Dollar steadies as markets eye U.S. labor data and potential Fed rate cuts

The U.S. dollar found some stability on Thursday after several days of swings, as investors adopted a cautious stance ahead of key American employment reports and amid ongoing global bond market fragility tied to elevated debt concerns.

By 04:50 ET (08:50 GMT), the U.S. dollar index, which tracks the greenback against a basket of major currencies, rose slightly by 0.1% to 98.19.

The dollar has oscillated around the 98-point mark this week, fueled by growing speculation that the Federal Reserve could lower interest rates at its September 16-17 meeting. CME’s FedWatch Tool indicated that markets were pricing in over a 97% probability of a 25-basis-point rate cut.

Data showing weaker-than-expected job openings added to the view that the U.S. labor market is easing, increasing the likelihood of a Fed rate reduction to support employment. Several Fed officials have signaled this possibility, following Chair Jerome Powell’s remarks last month at the Jackson Hole symposium in Wyoming about a potential September cut.

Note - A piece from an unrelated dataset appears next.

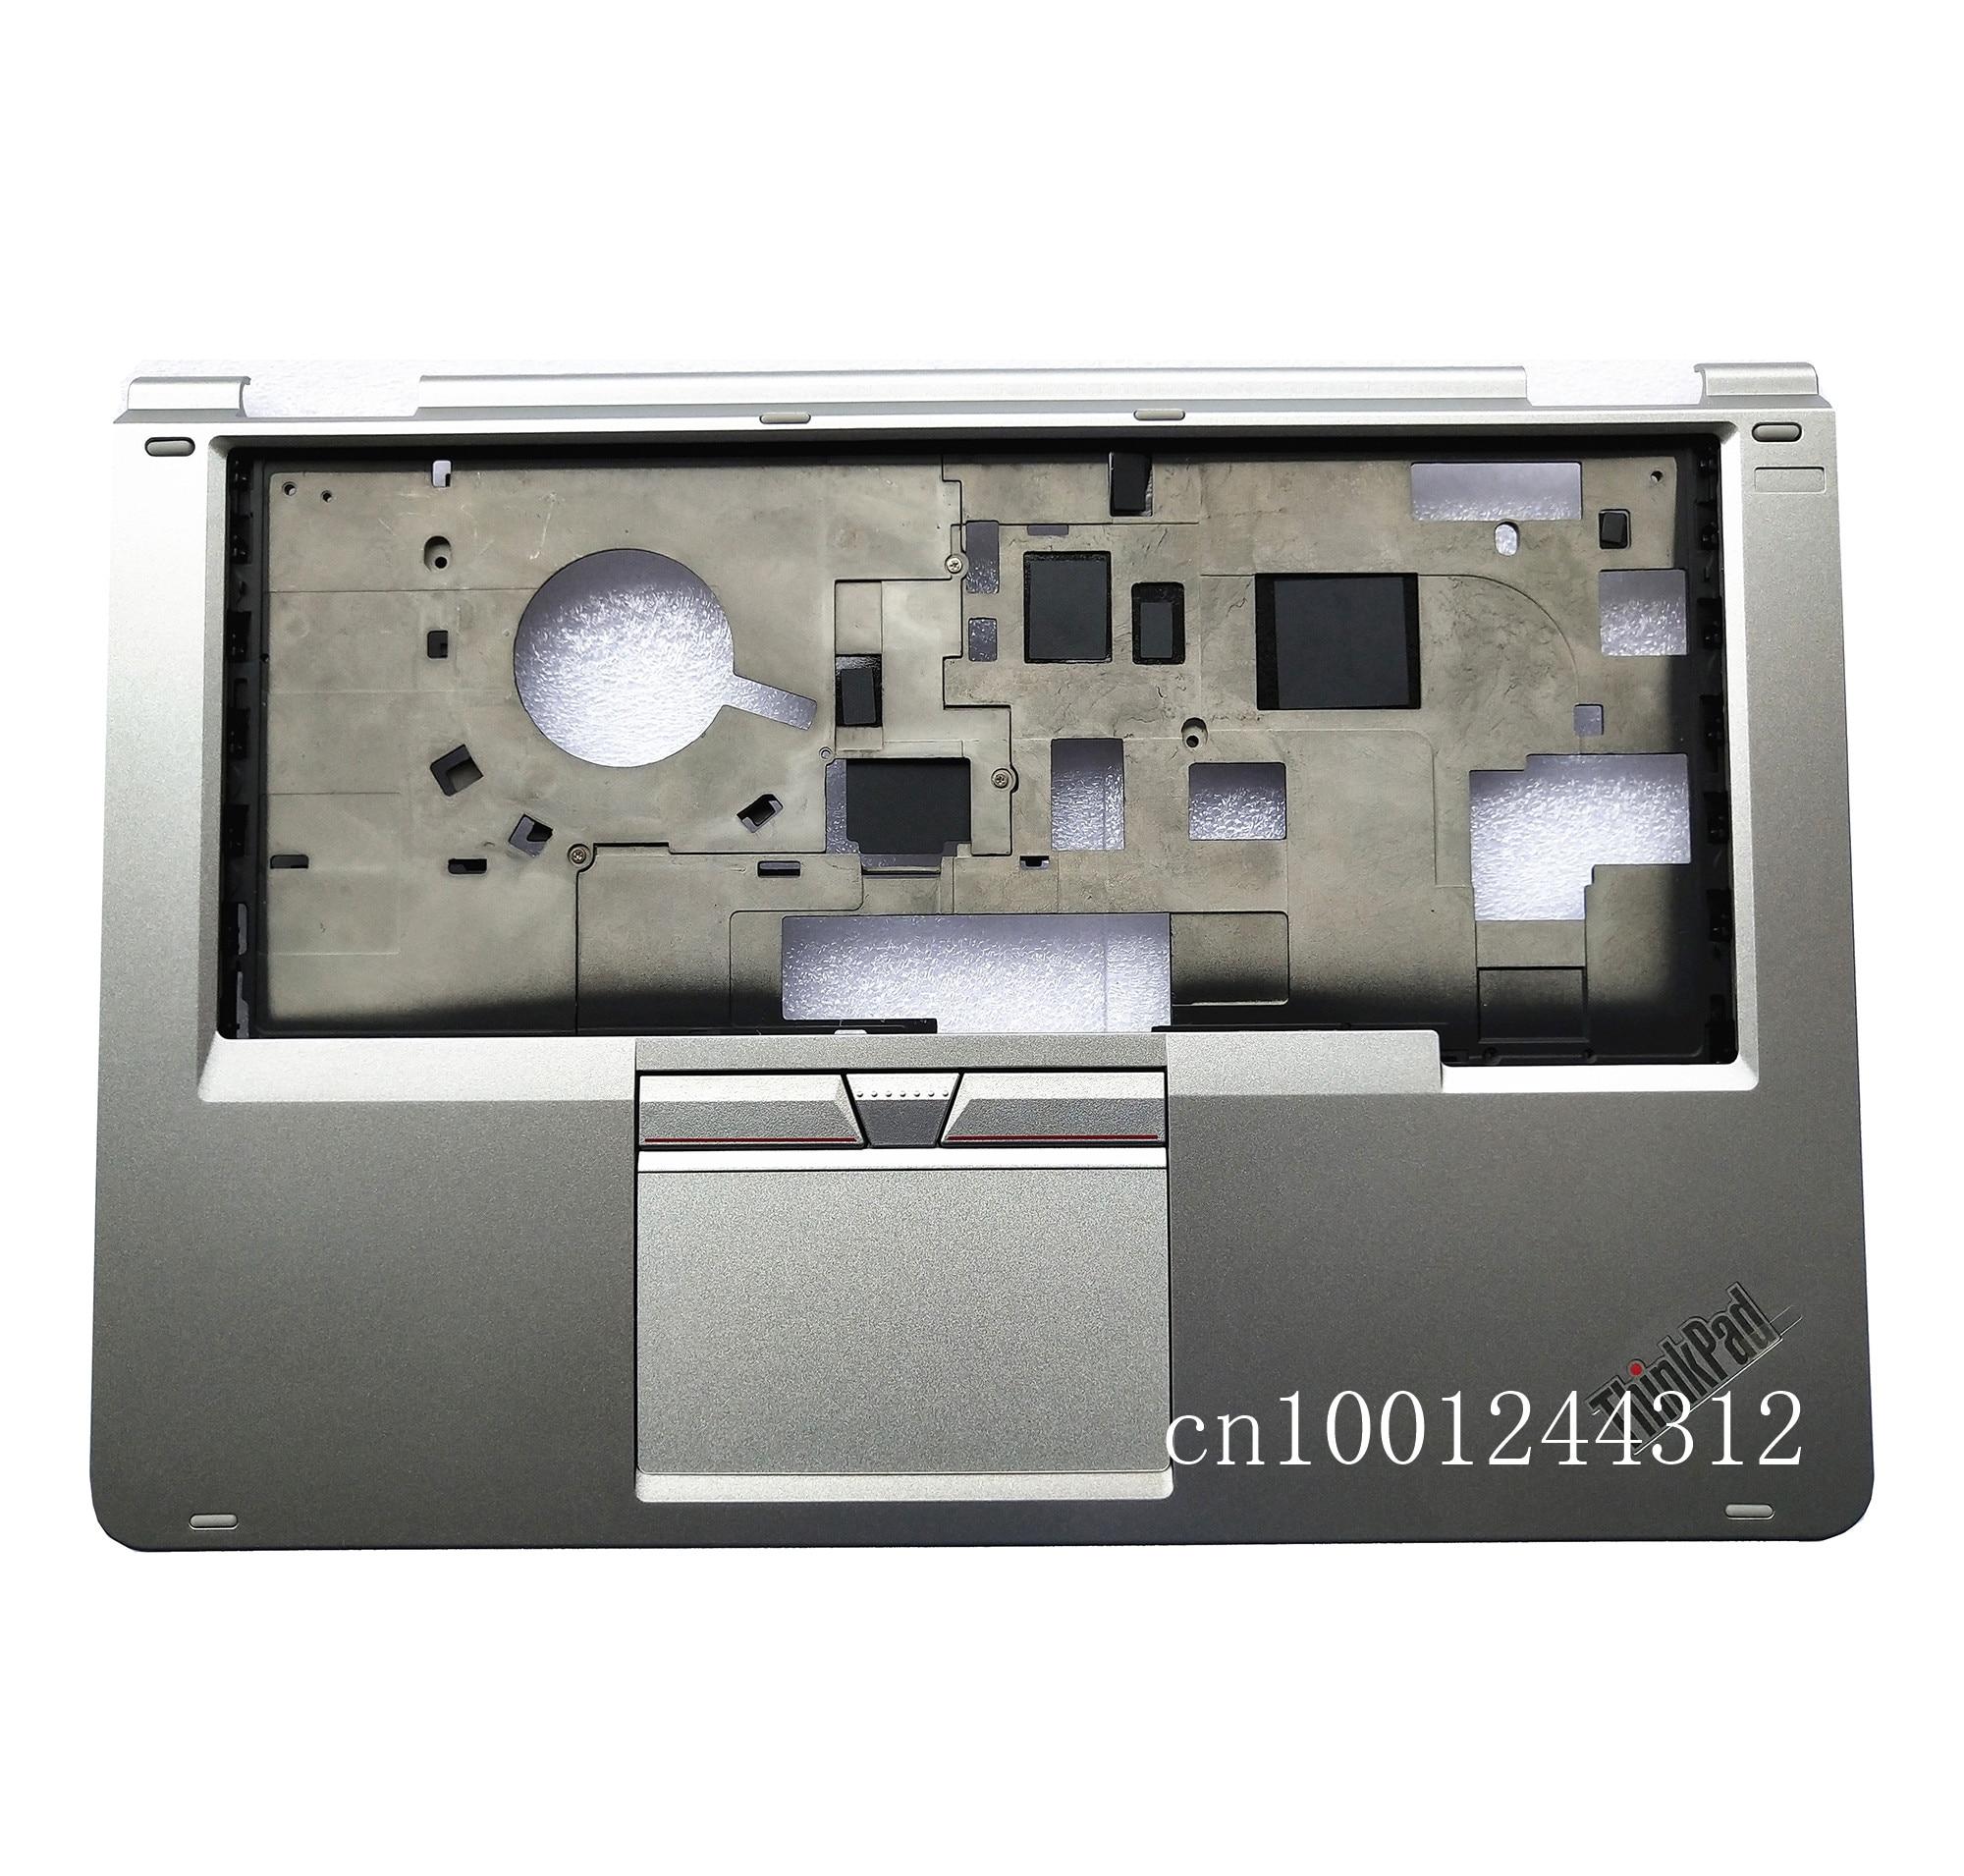 أصلي جديد لجهاز Lenovo ThinkPad S3 Yoga 14 نوع 20DM 20DN مسند المعصم العلوي للوحة المفاتيح الغطاء الفضي 00HT615

Friday’s closely watched nonfarm payrolls report is expected to provide fresh insights into the central bank’s next moves. Labor market trends and inflation remain key drivers for Fed policy, though speculation has grown that easing employment may take precedence over persistent price pressures.

On Thursday, investors will also review weekly jobless claims and an Institute for Supply Management gauge of services sector activity.

Meanwhile, global bond markets, recently unsettled, were somewhat reassured by statements from Fed policymakers, including Governor Christopher Waller, reinforcing bets that interest rate cuts could be imminent.

An auction of longer-dated Japanese government bonds showed moderate demand, sufficient to prevent fresh market anxiety, even after the 30-year bond yield recently hit an all-time high. Bond yields typically move inversely to prices.

Additional debt sales are scheduled later in the day in France and the U.K., two countries that have been focal points of European bond market activity.

Against this backdrop, the euro remained largely unchanged, while sterling edged up 0.1% to $1.3454, and the Japanese yen weakened slightly.